◆ What is needed
Transcribe the listing below verbatim, omitting pictures.
Data excerpt: Begin
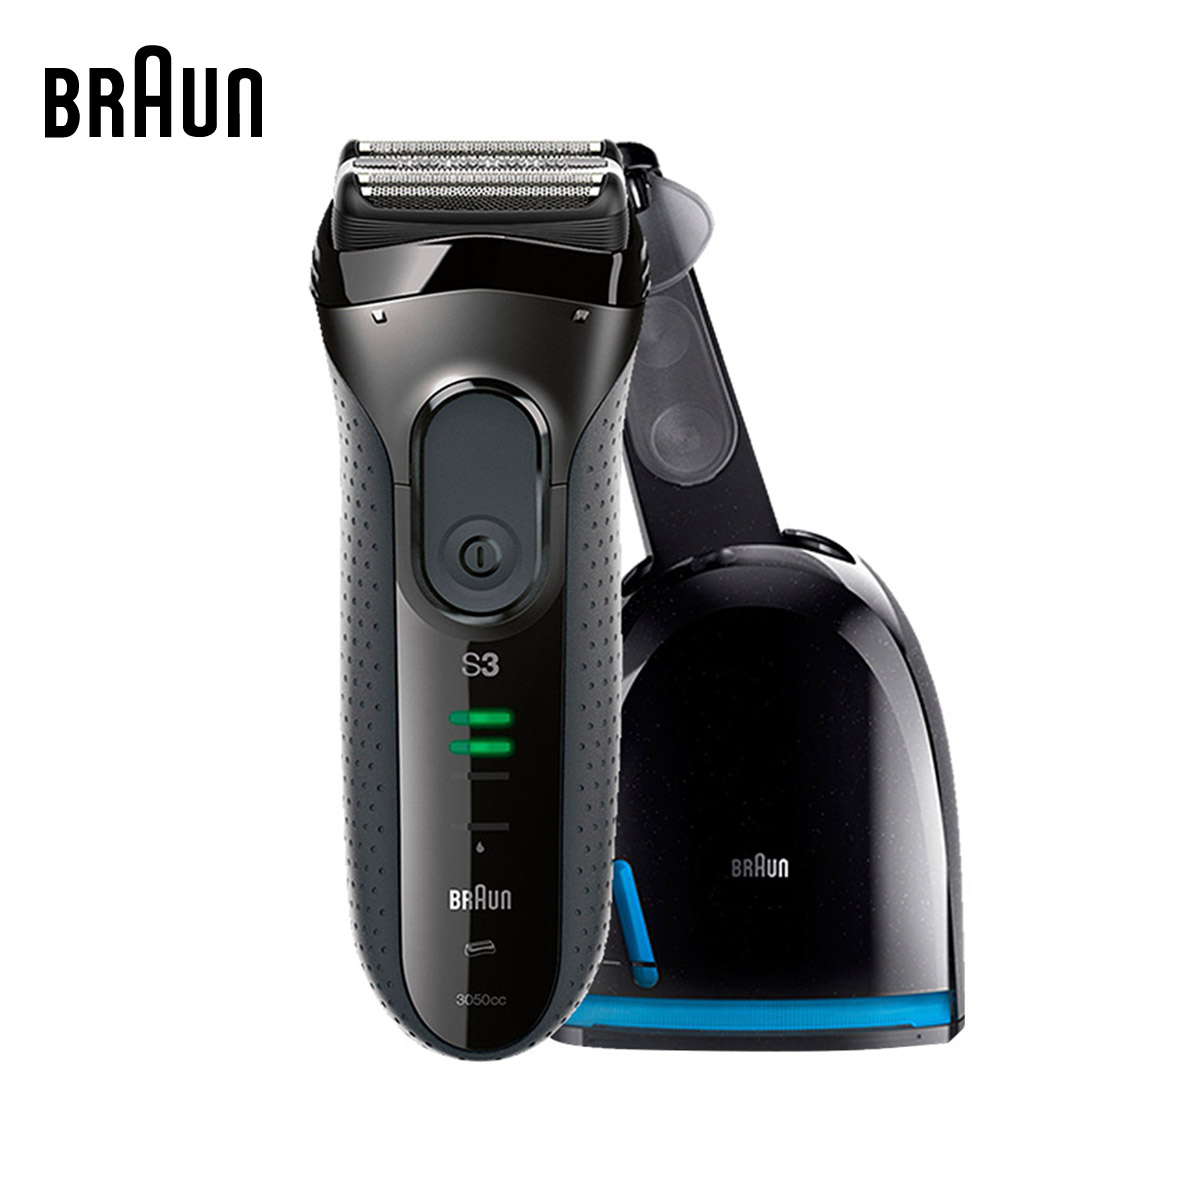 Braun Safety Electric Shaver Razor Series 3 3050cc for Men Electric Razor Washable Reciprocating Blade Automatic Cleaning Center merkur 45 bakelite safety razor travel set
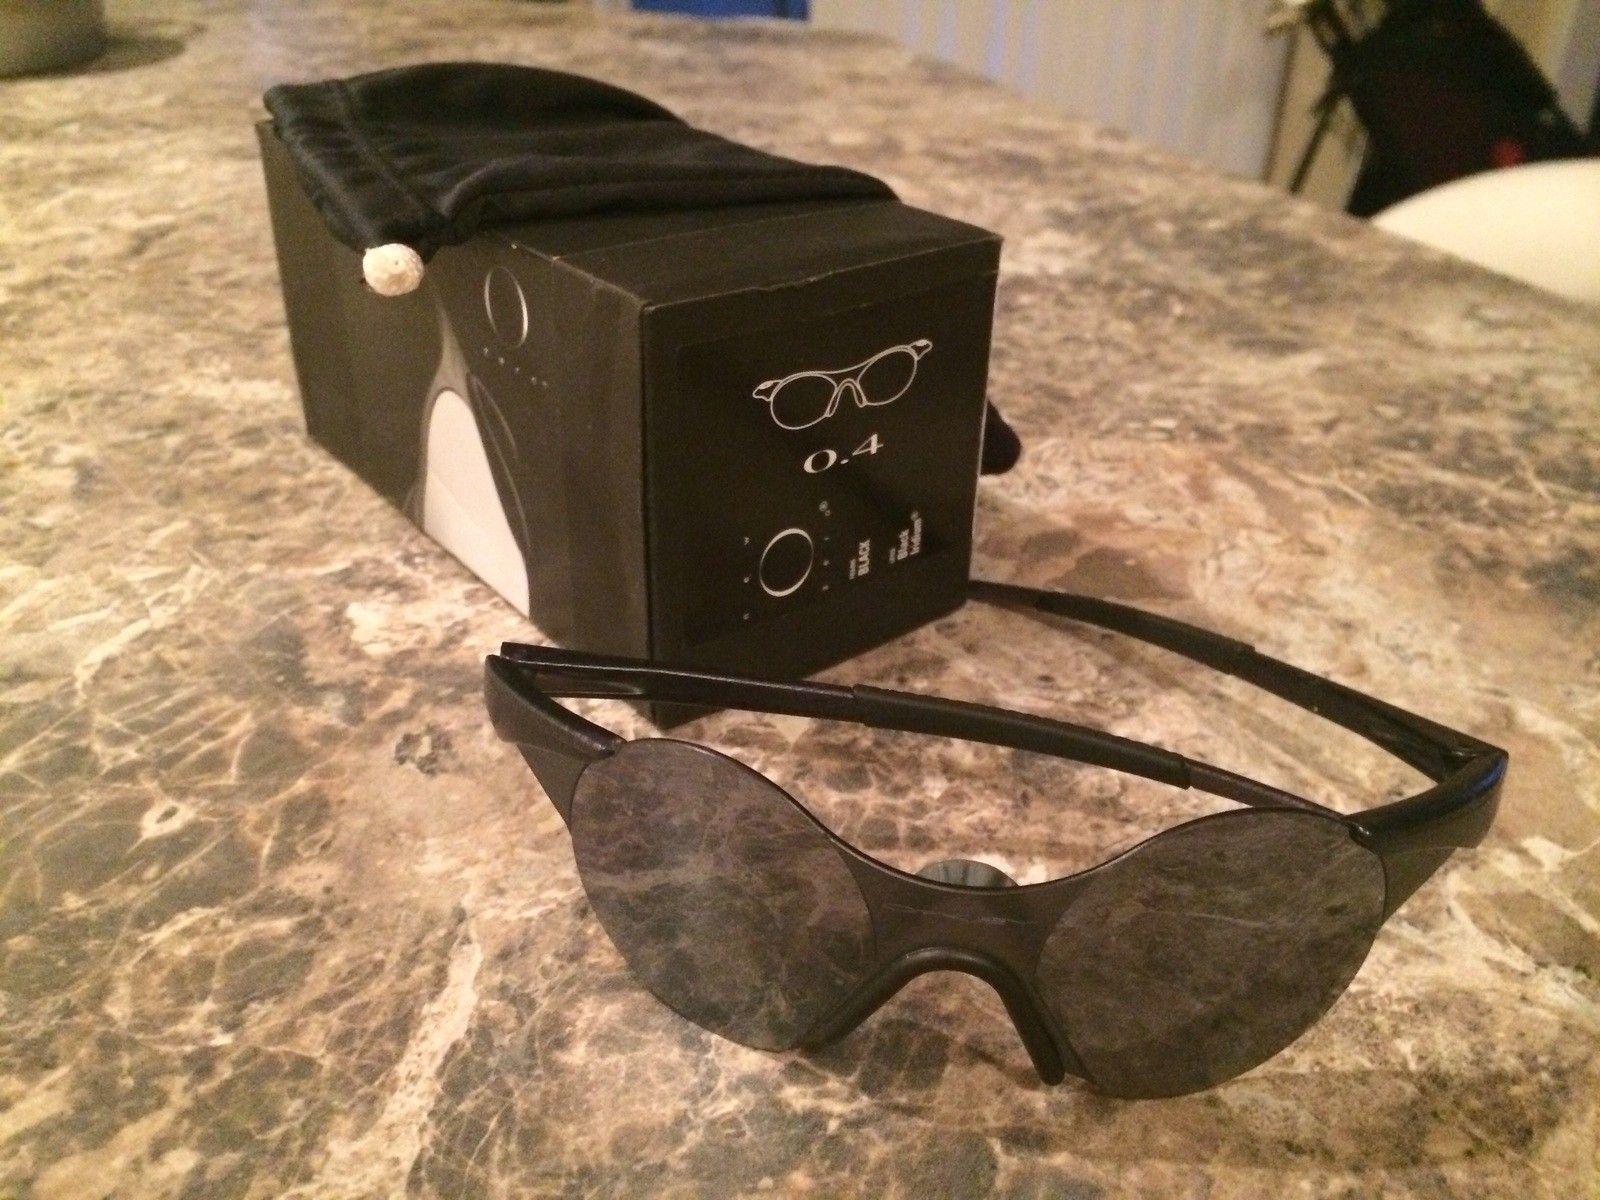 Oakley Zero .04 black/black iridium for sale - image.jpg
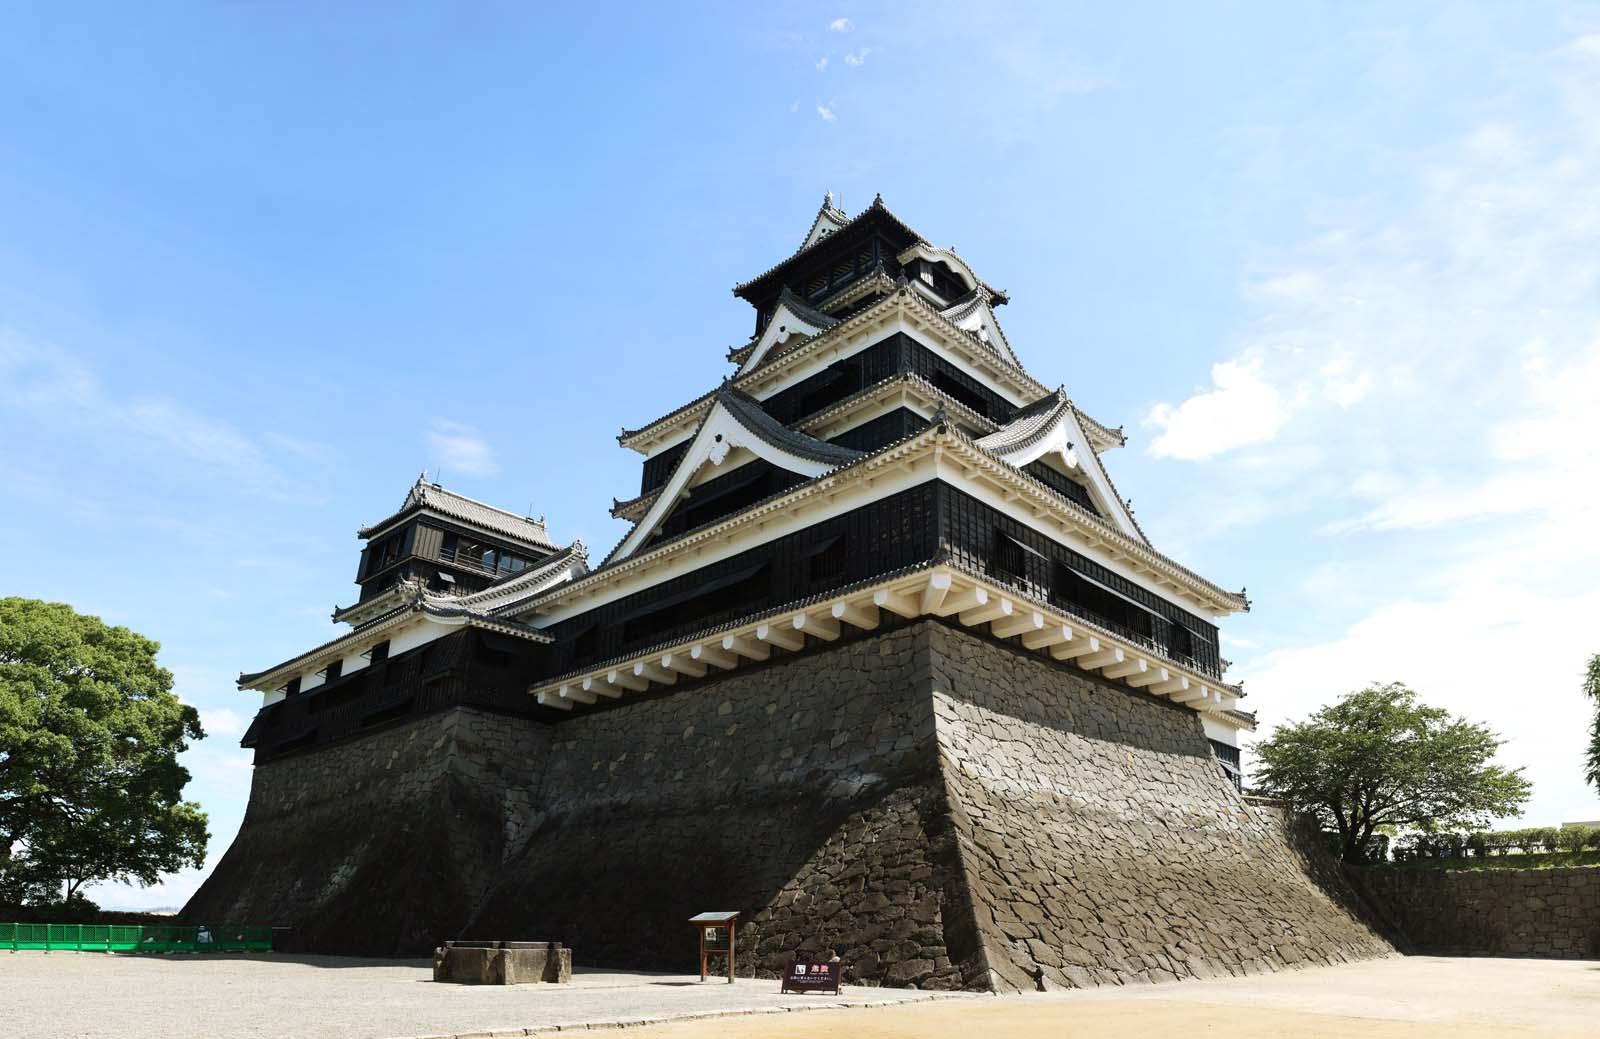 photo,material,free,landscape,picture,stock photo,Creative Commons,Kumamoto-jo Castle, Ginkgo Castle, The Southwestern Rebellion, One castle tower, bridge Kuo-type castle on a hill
Data excerpt: End
◆ Reply to the task
 Braun Safety Electric Shaver Razor Series 3 3050cc for Men Electric Razor Washable Reciprocating Blade Automatic Cleaning Center merkur 45 bakelite safety razor travel set
 Oakley Zero .04 black/black iridium for sale - image.jpg
 photo,material,free,landscape,picture,stock photo,Creative Commons,Kumamoto-jo Castle, Ginkgo Castle, The Southwestern Rebellion, One castle tower, bridge Kuo-type castle on a hill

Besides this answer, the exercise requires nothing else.